PHOENIX - The Municipal Securities Rulemaking Board is launching third-party yield curve and bond index information on EMMA Monday, giving users access to more detailed data than was previously available on the site.
The MSRB previewed the new information in a July 21 morning webinar hosted primarily by MSRB market research director Marcelo Vieira. Investors, issuers and other EMMA users will gain access to bond indices from AP/MBIS as well as S&P, and will be able to view yield curves for different maturities in either graph or chart form via a drop-down menu.
“It’s very dynamic, Vieira said. “It’s very fast.”
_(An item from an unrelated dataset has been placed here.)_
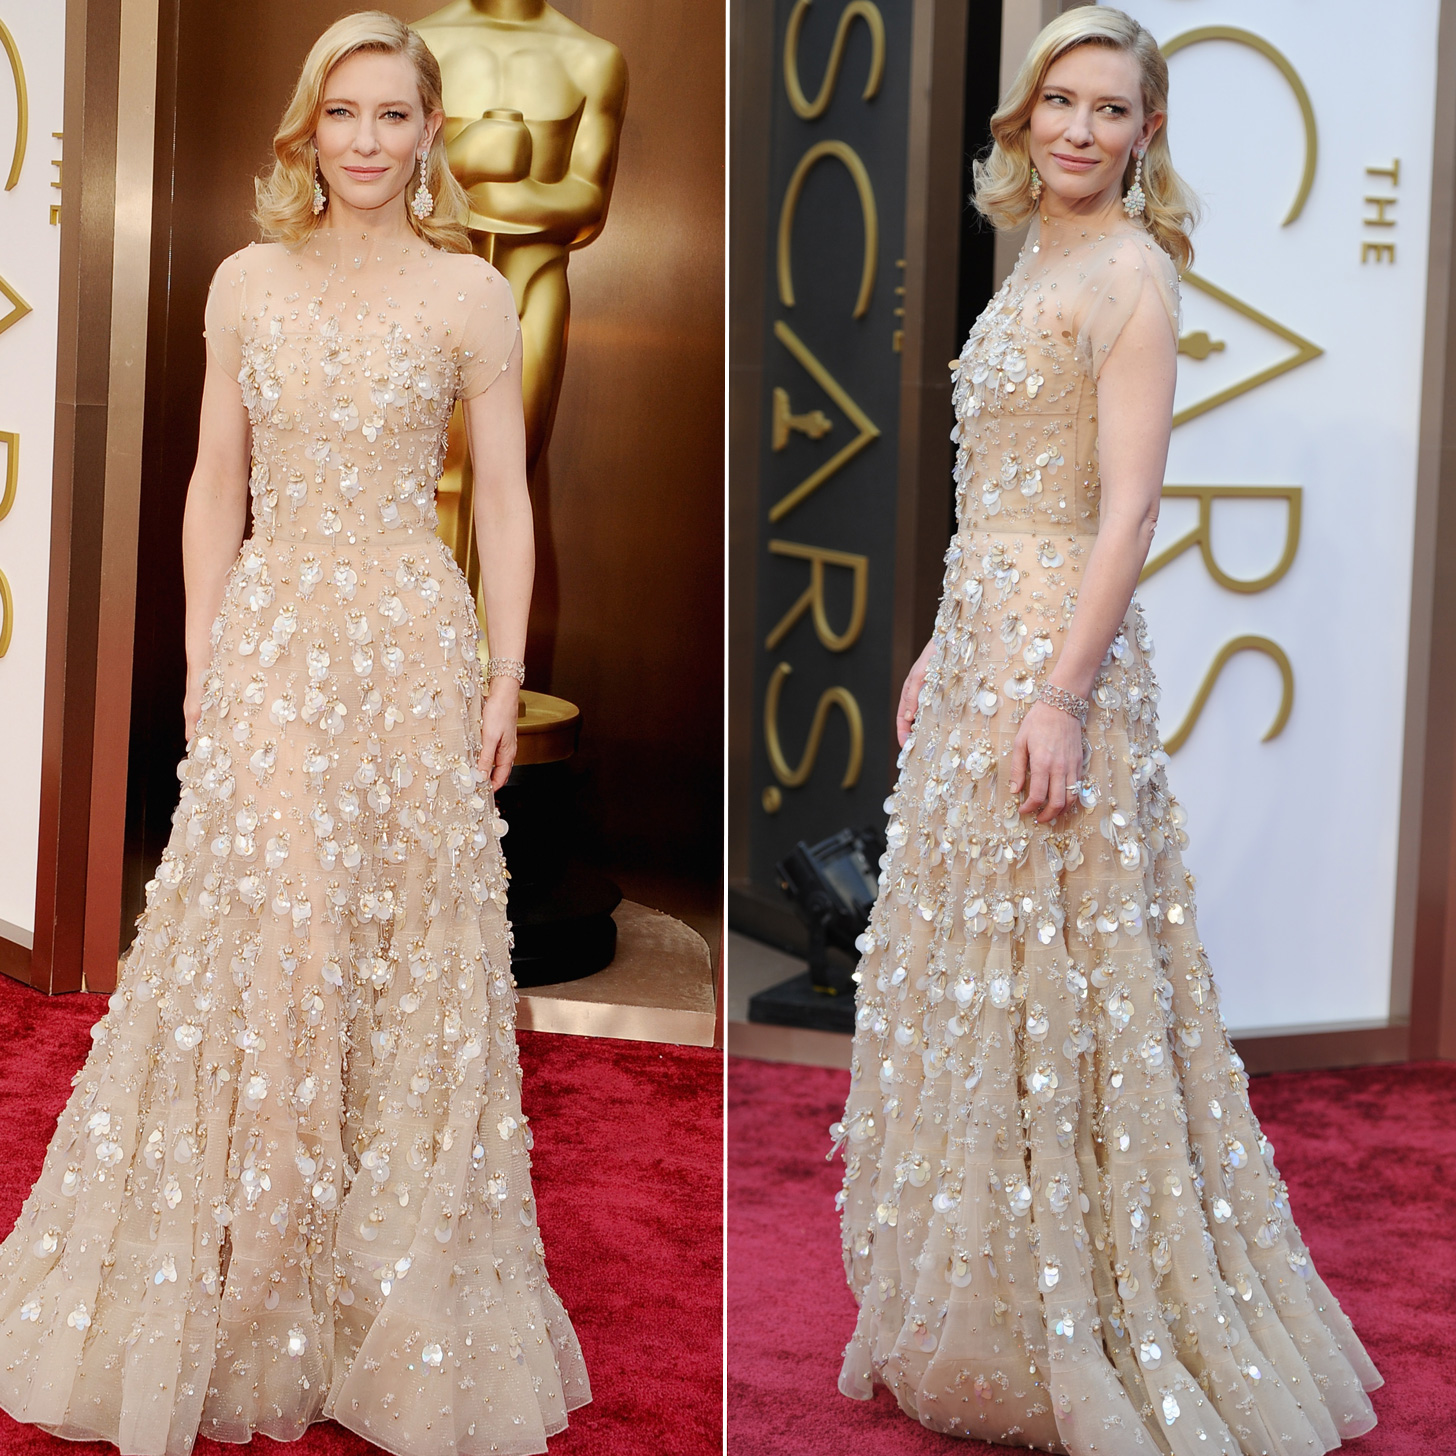 Cate Blanchett Armani Dress at Oscars 2014Cate Blanchett Oscars 2014

The MSRB has been discussing adding this kind of information to EMMA for several years, announcing back in 2012 that it was conducting an extensive review of muni bond indexes with the aim of increasing transparency and educating market participants.
That announcement followed questions about whether an index in the municipal market market was being manipulated similarly to what was going on with the London Interbank Offered Rate, or Libor. But Alan Polsky, who was then MSRB chairman at that time, said that there was no indication of manipulation of muni indexes.
MSRB executive director Lynnette Kelly said that the kind of information EMMA will now provide will be new for many investors, and that the MSRB is working to expand its analytical offerings even more in the future.
“Municipal yield curves historically have not been widely or freely available to investors that purchase municipal bonds or municipalities that issue them,” Kelly said. “The MSRB is bridging that gap by adding third-party yield curves and indices on the EMMA website to dramatically expand access to these important benchmarking and analytical tools. We continue to explore partnerships with additional market data providers to enhance EMMA with more yield curves, indices and other interactive tools that help facilitate decision-making in the municipal market.”
Triet Nguyen, managing director and head of public finance credit at NewOak Fundamental Credit, said the new tools are a good step but also questioned their overall usefulness for retail investors.
“We think it’s a positive step toward more transparency, however, we’re not sure if retail investors need more market data or better, more user-friendly tools to assess the data,” he said.